Cibo: l’invasione dei selectarian

selectarian halloweenUn esercito, pacifico, spontaneo e (per ora) inconsapevole della propria forza, si aggira per il mondo, deciso a far valere le proprie ragioni con i ristoratori e l’industria agroalimentare: sono i (food) selectarian. La traduzione letterale in italiano dovrebbe essere “selezionatore” ma siccome è un neologismo, io li ribattezzerei “selezionista”.
Chi è il selecterian / selezionista di cibo? E’ colui che sceglie in maniera molto selettiva tutto il cibo che acquista secondo nuovi criteri, completamente diversi da moda, marca, marchi di qualità, pubblicità, packaging (nei negozi), presentazione, estetica, gusto (nei ristoranti).
In letteratura non esiste uno studio sistematico di analisi del fenomeno. In rete trovate qualcosina, segno che il movimento c’è ma che non ha ancora raggiunto una sua consapevolezza globale. Questo articolo rappresenta la sintesi di un primo tentativo di interpretazione, condotto da parte dell’Università della Cucina Mediterranea, di un fenomeno che interessa molto l’Italia almeno per due motivi: nel nostro Paese vivono molti selectarian; il nostro Paese, patria del buon cibo, è meta agognata per tanti selectarian turisti o consumatori.

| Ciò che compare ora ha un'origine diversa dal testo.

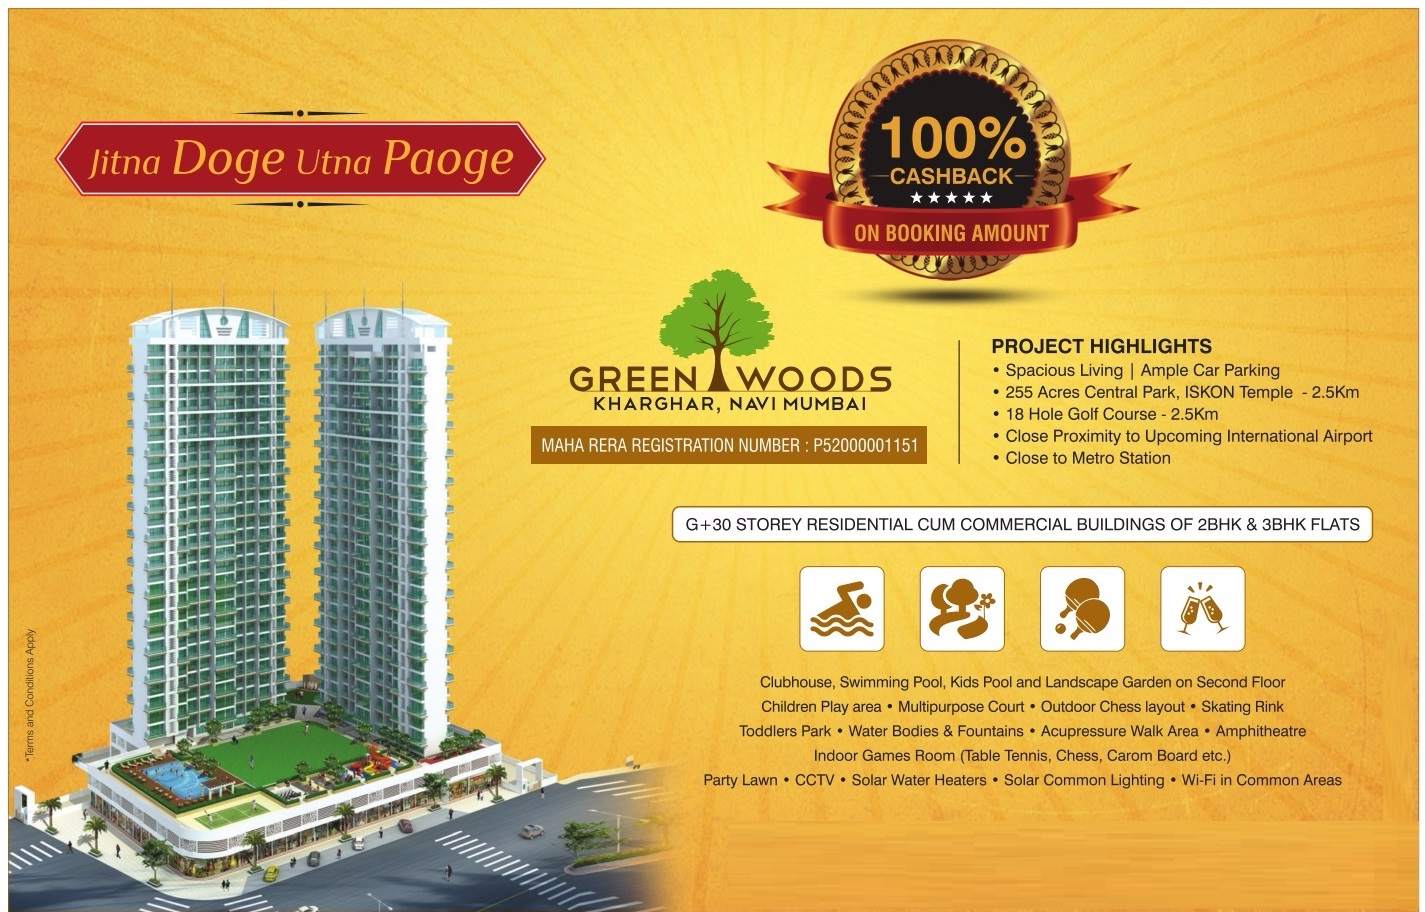 Get 100% cashback on booking amount at Proviso Green Woods in Navi Mumbai Update

Alcune cifre per comprendere la portata e le potenzialità del fenomeno.
In Italia si contano 4,2 milioni vegetariani contro i 3,7 milioni della rilevazione precedente, con un aumento del 15% in un anno (rapporto Eurispes 2014). Ma le associazioni stimano cifre più elevate, con un ampio margine non rilevato: 7 milioni, di cui 700 mila vegani – Il Sole 24 Ore, 22 aprile 2014);
Secondo i dati dell’Istituto Superiore di Sanità, circa l’8% dei bambini e il 2% della popolazione adulta soffre di “reazioni avverse ad uno o più cibi” ( D-La Repubblica, 4 marzo 2014);
…da 10 anni il turismo “muslim friendly” cresce del 5% annuo contro il 3.8% del turismo internazionale . .. Sono turisti che hanno una grande capacità di spesa, basta considerare che il turista saudita è quello che nel mondo spende di più in assoluto (dai 10 ai 100 mila euro l’anno) in viaggi e vacanze. Ma lamentano l’assenza di servizi e pacchetti a loro dedicati, in particolar modo la possibilità di cibarsi secondo la loro regola alimentare Halal (paraola araba che significa “lecito”), e per questo snobbano il Belpaese a favore di altri paesi europei. (Ansa.it, 26 novembre 2014).
O ancora si possono citare l’ingresso del Commercio equo e solidale nella GDO (in Inghilterra 1/3 della banane vendute è Fair Trade, in Svizzera il 50% – Valori, n° 120/2014), o il successo di iniziative come i Mercati Contadini organizzati da Coldiretti con la Fondazione Campagna Amica, oltre all’affermarsi della filosofia Slow.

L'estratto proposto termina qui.